Before it was first published in 1975, there were almost no books like Ragtime. And though it paved a new way for how we might look at our past, few books have done it quite as well since. In its original review, the New York Times called EL Doctorow’s book a “highly original experiment in historical fiction”, and it’s a description that still fits. Using short, direct sentences to describe a wide range of real and fictional characters, from Houdini to Freud, the novel is a kaleidoscopic look at the United States on the cusp of seismic change at the start of the 20th century. In chapter 23 a black musician in the New York Orchestra has his car vandalised, and when he complains to the police he himself is arrested. It’s a moment of galling injustice that highlights perfectly how the United States at the time liked to see itself and how it actually was.

Desperation, by Stephen King

Chapter to read: Highway 50 – In the House of the Wolf, the House of the Scorpion

Far from Stephen King’s best book, Desperation nonetheless opens with such an incredibly creepy chapter that it should be studied in creative-writing classes as a model of how to build tension. A well-to-do New York couple are travelling cross-country in a borrowed car when they’re pulled over on an isolated highway by a strange and very intimidating cop. What follows is a masterful tightening of the screw as the couple slowly realise they’re in a lot more trouble than they initially thought. One of King’s greatest strengths is making the banal seem terrifying, such as a red balloon in It, or a family pet in Cujo. Here, among many other unsettling little moments, he transforms a standard recital of the Miranda rights into a bone-chilling death threat.

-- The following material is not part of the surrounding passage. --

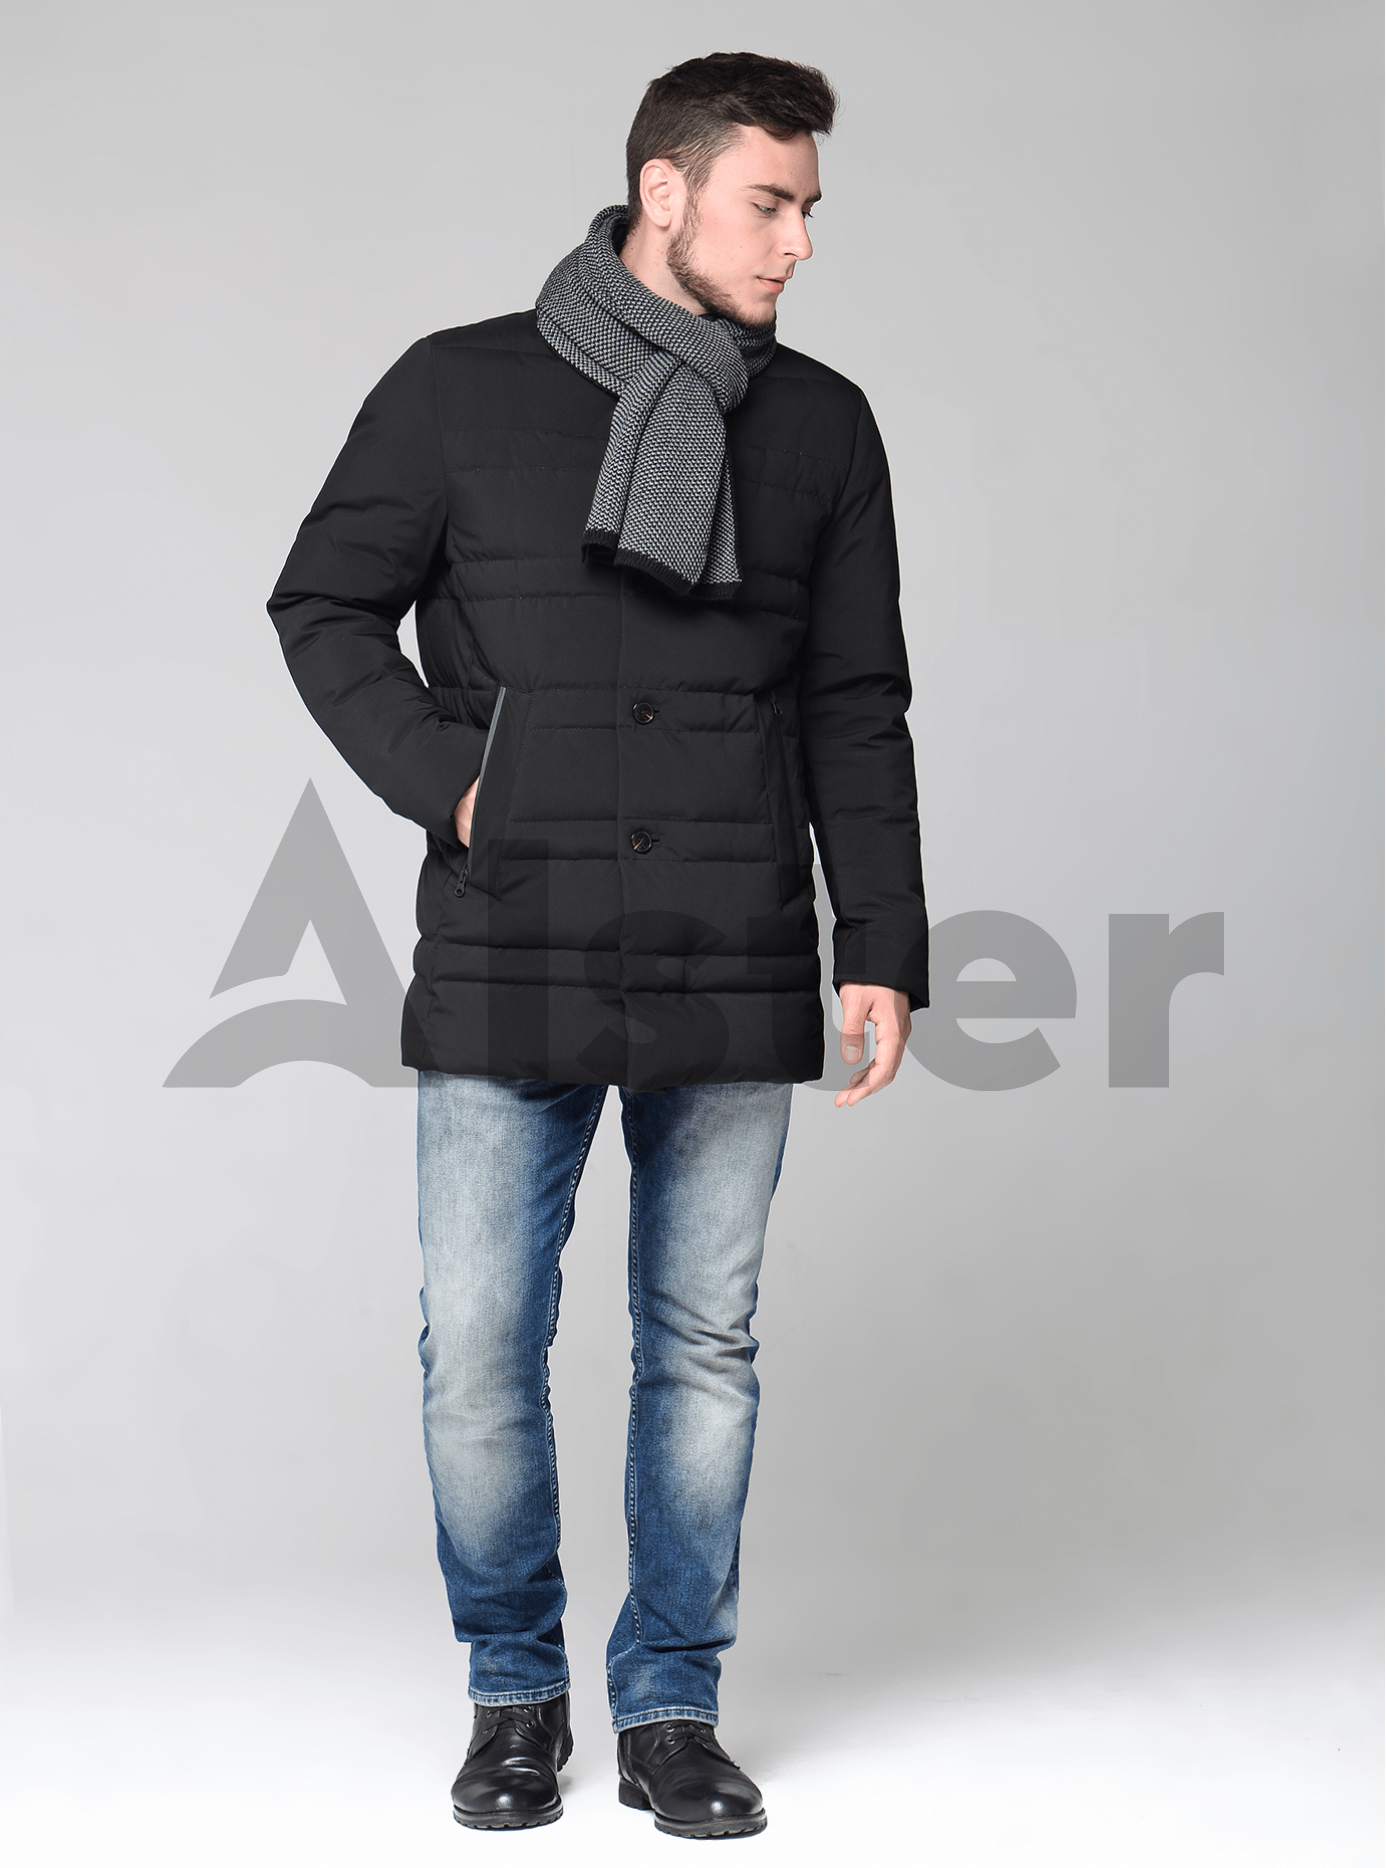 Зимний мужской пуховик Синий 46 (02-MC19039): фото - Alster.ua

Dinner at the Homesick Restaurant, by Anne Tyler

Chapter to read: Teaching the Cat to Yawn

There’s something very comforting in reading about a family from a different country, in a book written more than 30 years ago, and recognising your own. This is Anne Tyler’s gift: she doesn’t just tell us stories about families living in Baltimore; she tells us about stories families tell themselves. Every family has one, even if each person in that family remembers it in different ways. In Dinner at the Homesick Restaurant the Tull family’s story starts and ends with their father leaving, but it naturally affects each of the three children differently. The second chapter is a rich collage of childhood memories and an exploration of the traits that will follow each sibling into adult dysfunction: Cody’s jealous rage, Ezra’s kindness and Jenny’s compulsion to impress her mother.